Evlilikte erkeğin ailesine düşkünlüğü çok nadiren görülen eylemlerden biridir. Mutlu aile ortalaması gerçek bir çalışma yapılsa toplumun %9 ila %12 arasında aile yapısından bahseder.

Toplumumuzda kimi kısım modernliğe gitme yolunda eşcinsellik nerden ilham alınarak kadın, erkek, çoluk çocuk gibi kavramlar tamamen yok olma aşamasına gitmektedir. Özellikle Suriye, Irak, Afganistan gibi az gelişmiş ülkelerden yoğun göç alınması durumuyla. Evlilikte erkeklerin ailesine düşkünlüğü yok olup gitmiştir. Kendi eşlerine saygıları yitirilmiş şiddetle yer ailelerin bu işe karışması ve erkeklerin.

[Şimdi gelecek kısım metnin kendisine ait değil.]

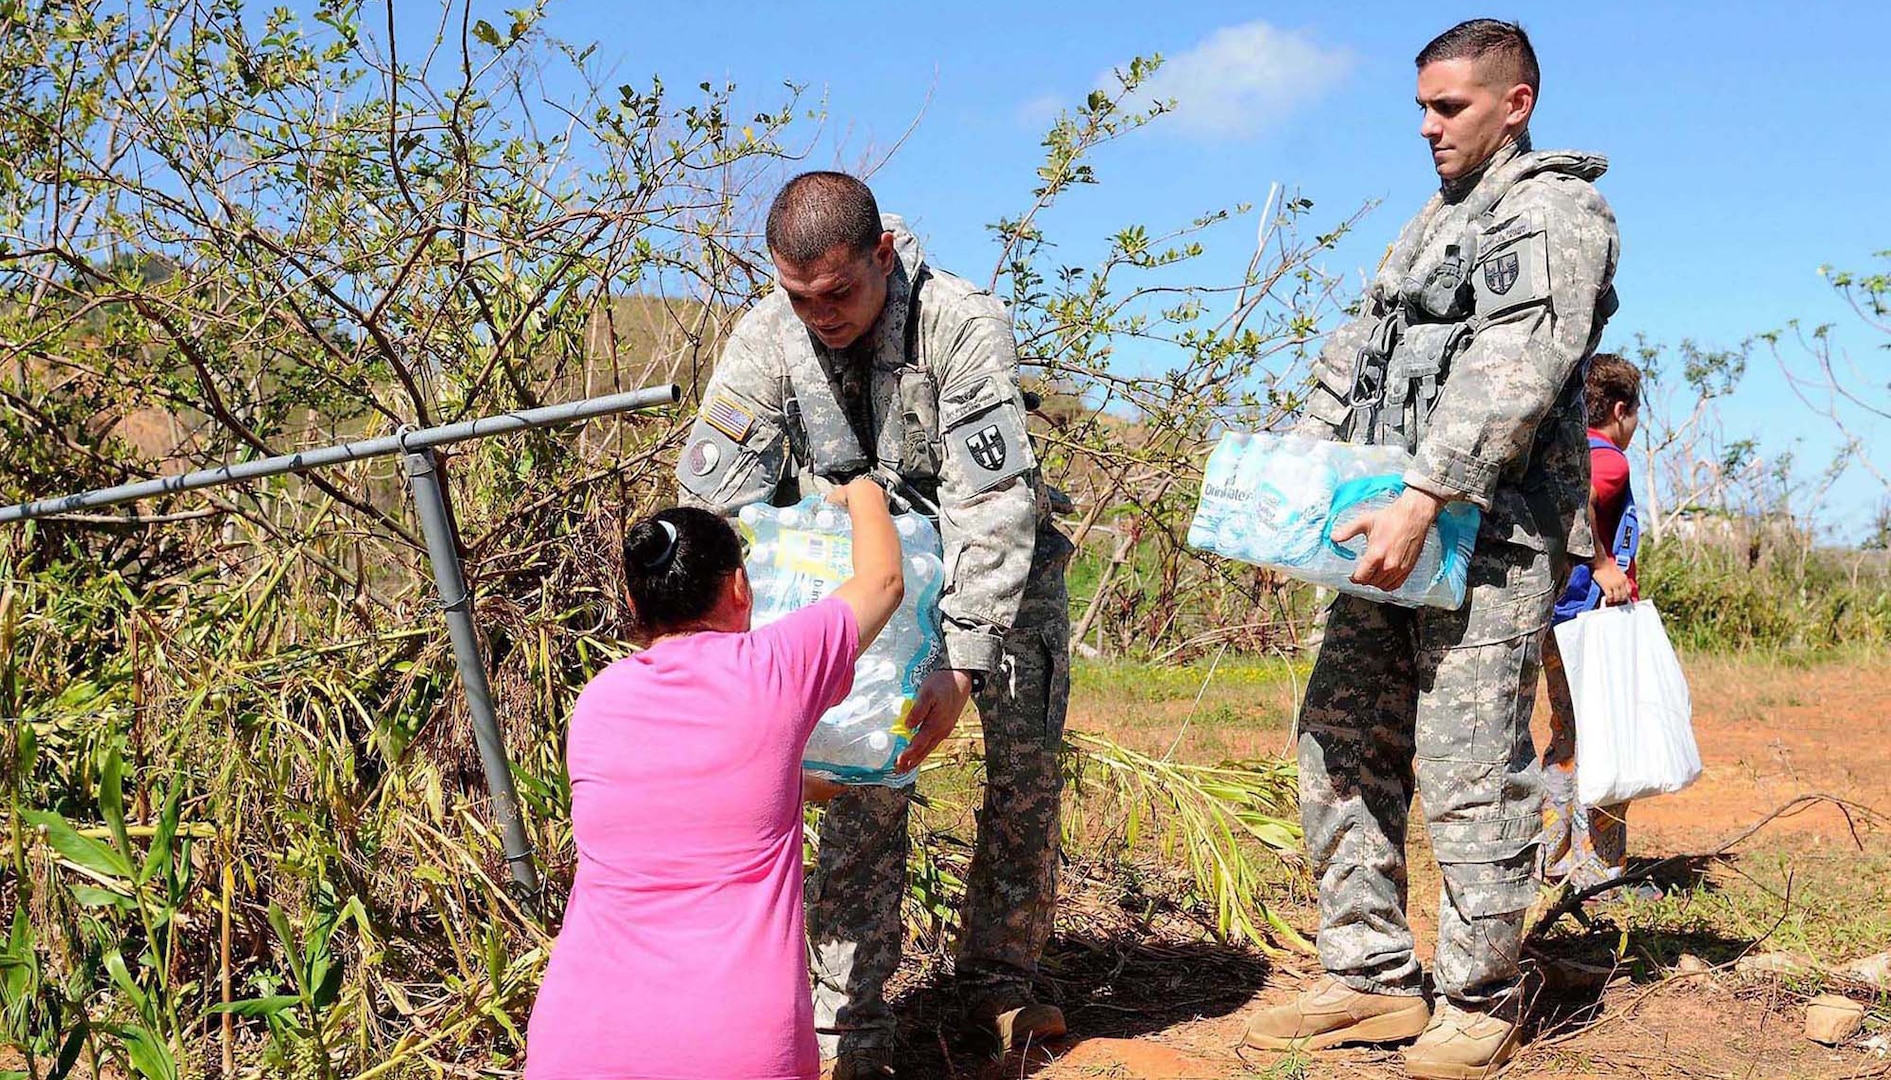 Citizen-Soldiers of the Puerto Rico Army National Guard distributed supplies, food and water to isolated towns in Utuado, Puerto Rico, after Hurricane Maria devastated the island in September 2017.

Sadece bakım ve beslenme ihtiyacı arzusuyla Türkiye’ye gelen Uzak Doğu, Gürcistan, Türkmenistan, Kırgızistan, Özbekistan, Afganistan, Suriye gibi toplumda yaşayan kadınların himayeye alınması nedeniyle de Türk kadınları değer yitirmeye devam ediyor.

Evliliğe Aile Müdahalesi Nasıl Önlenir?

Türk toplumlarında anne babanın evliliğe karışması artık alışılagelmiş bir durumdur. Ancak bunun artık bir an önce sonlandırılması gerekiyor. Evlilikleri mutlu bir şekilde devam etmesi için bireylerin kendi kararlarını alması gerektiği zaman tartışıp yollarına devam etmesi en önemli husustur.

Çoğu zaman da ailede eşler birbirlerine uygun olmadıklarını evlendikten sonra fark edebilirler. Bu çok medeni bir şekilde boşanılması gibi durumları getirebilir. Ancak bu tür durumlarda bile aileler bazen işin içine karışıp yapılandırma çalışmalarına gidebiliyorlar. Hatta artık Türkiye’de yapılan bazı kanunlar ve yasalarla eşlerin hızlı boşanmaları önlenmeye çalışılıyor.

Bu durumda elbette şiddet ve kadın ölümleri artıyor. Anlaşılmadığı zaman boşanmanın çok normal bir durum olduğu artık Türkiye’de anlaşılması gereken bir gerçek. Nitekim Kur’an ı Kerim’de bunu destekliyor. “Evlilikleriniz sizin için zulümse hicret edin” ayetinde olduğu gibi boşanmak normal durumu olduğu bilinmeli.

Yargıtay artık aldığı kararlarla bunları önleyebiliyor Ailesini evliliğine karıştıran yandı haberlerini incelediğinde kayınvalidelerin evliliklere karıştığı zaman ne tür cezalar alabileceğini de görebilirsin.

Evliliklerde Kararlar Nasıl Alınmalıdır?

Anne babanın evliliğe karışması nasıl önlenir? Evlenecek kişiler nasıl kendi aralarında karar veriyorlarsa evlendikten sonraki her aşamada kendi kararlarını alabilirler. Burada eşlerin de bilinçli olması son derece önemlidir.

Kayınvalidenin evliliğe karışması Yargıtay kararı ile artık kusur sayılıyor. Özellikle evliliklerde erkeğin ailesinin o aileye müdahalede bulunması ve erkeğin eşini korunmaması, sessiz kalması artık kusur sayılıyor.

Evliliğe dışarıdan müdahale olarak değerlendirilen bu durum ağır kusur olarak ceza gerektiriyor. Daha sağlıklı toplumlar ve çocukların gelecek nesillere çok daha bilinçli psikolojik sorunları olmadan toplumsal olarak adeta bunalımlı olmadan yaşayabilmemiz için aile kavramının yapılandırılması gerekiyor.

Ancak bunları da birbirine uyumlu olmayan anlaşmayan insanları zorla bir arada tutarak değil, onlara terapilerde bulunarak özellikle kadınlara maddi desteklerde bulunarak sağlamak olmalıdır. Özellikle Sosyal Politikalar ve Aile Bakanlığının yaptığı çalışmalardan biri de çok eleştiri görüyor. Zira bakıma ihtiyacı olan çocukları annelerinden ayırmak. onların hayatlarını sonlandırmakla eşdeğerdir. Zira o kadın çocuğuna bakamıyorsa, barınma, beslenme, çalışma ortamı sağlayıp çocuğunu yanından ayırmamak ülkece alacağımız çok daha mantıklı bir karar olabilir.